Customers Feedback Analysis using NLP - The Netflix Use Case

In the era of digitalization, Most companies have various sources of customers feedback, social media, call logs, mobile apps, to name a few. Therefore, analyzing such feedback to come up with actionable insights, is becoming essential for any business with an online presence.

1. Introduction

Some of the challenges businesses face while analyzing customers feedback is the qualitative nature of the data and sometimes the huge amount of feedback they get. Ratings are quantitative and hence can be easily analyzed, however analyzing textual feedback, reviews, and free text is challenging. Likely, today we have Natural Language Processing and Machine Learning to efficiently process large amount of text without human intervention.

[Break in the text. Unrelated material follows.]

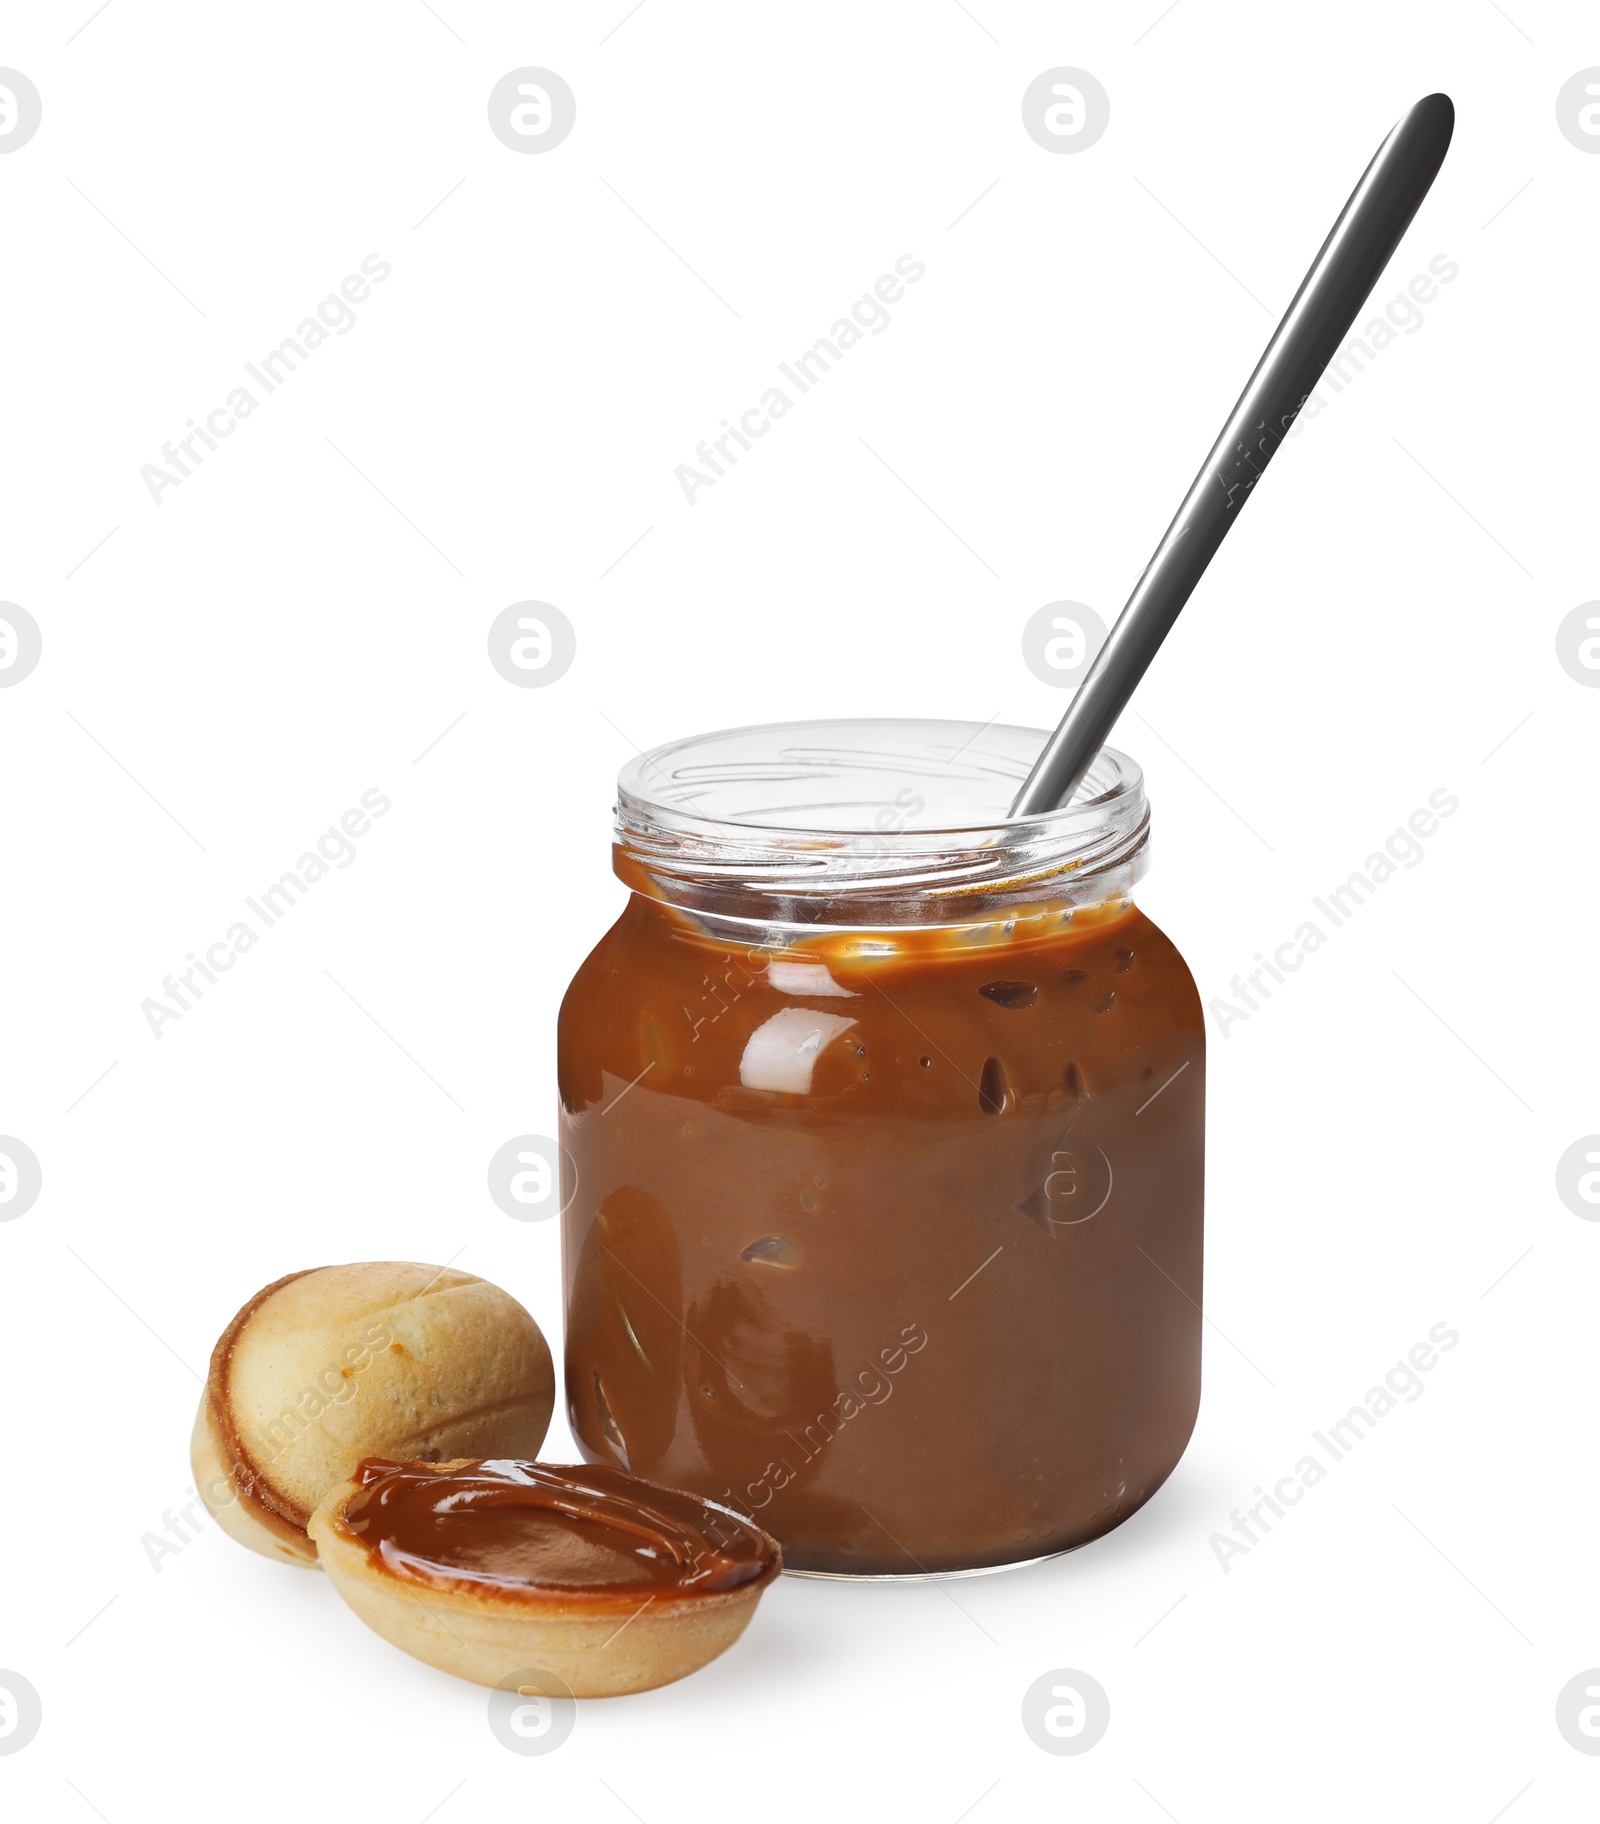 Photo of Jar with boiled condensed milk, spoon and walnut shaped cookies on white background

There are mainly two approaches that can be used to find topics in text data, Topic Modeling, or Text Clustering. In this tutorial, we will go through some techniques and ideas about the two approaches and try to understand what people are talking about in mobile app reviews. We will start by fetching some reviews data, taking as an example Netflix’s mobile app, then we will apply a series of preprocessing techniques to prepare the data for topic detection.

2. Data Preparation

In the following analysis, I used a dataset of 5000 recent reviews from the Netflix mobile app on Google Play. The following figure shows the daily number of reviews with a score of 1, it gives us an idea about the amount of data we are dealing with.

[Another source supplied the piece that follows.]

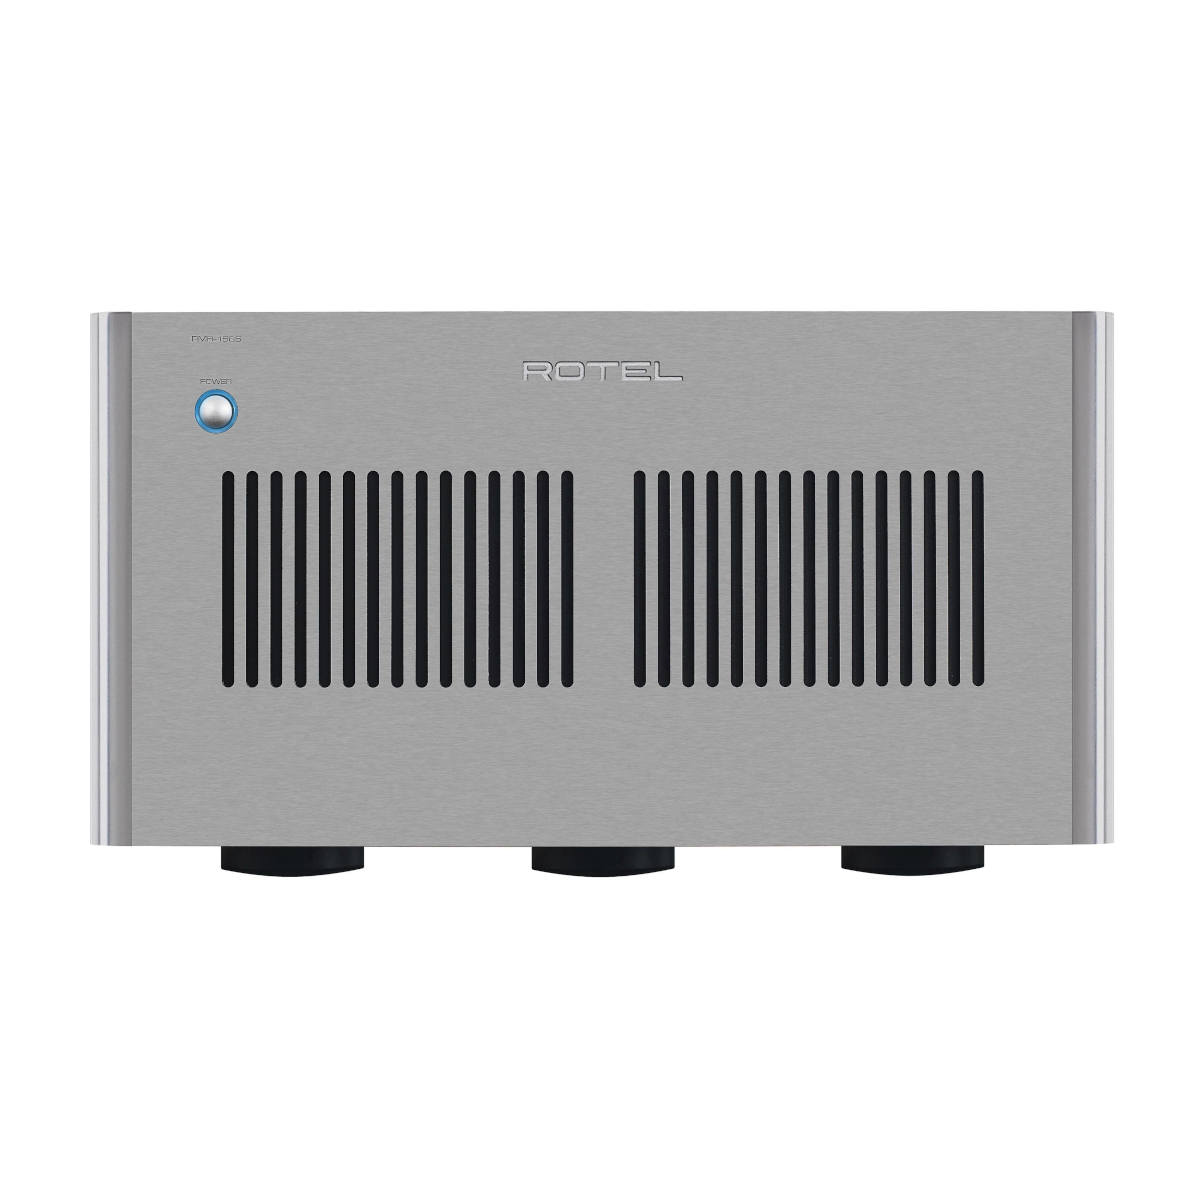 Rotel RMB-1585 200W x 5 channel Power Amplifier (Silver) - Ooberpad India

We can also look at the review length distribution. As we can see, usually people submit short to medium size reviews (under 50 words).


I used a maximum length of 48 word for all reviews, longer reviews are discarded from the dataset.

3. Data Preprocessing

Text preprocessing is an important step for natural language processing. It transforms text into a more digestible and usable form so that machine learning algorithms can perform better.

In our case, I applied the following transformation:

  • Remove URLs, emails, phone numbers & punctuations.
  • Remove tags, emojis, symbols & pictographs.
  • Remove stop words.
  • Convert to lowercase and lemmatization.
  • Duplicates removal.
  • Spell checking.
  • Non-English reviews removal.

Once preprocessing is done, we can look at a random review example.

Original review: {'It has all the boring movies and episodes'}
Preprocessed review: {'boring movie episode'}

4. Reviews Topics Modeling

In topic modeling, a topic is defined by a cluster of words with their respective probabilities of occurrence in the cluster. The goal is to find the topics in a set of documents, without having prior knowledge about those topics. In most cases, we only need to specify the number of topics and leave the rest of the algorithms.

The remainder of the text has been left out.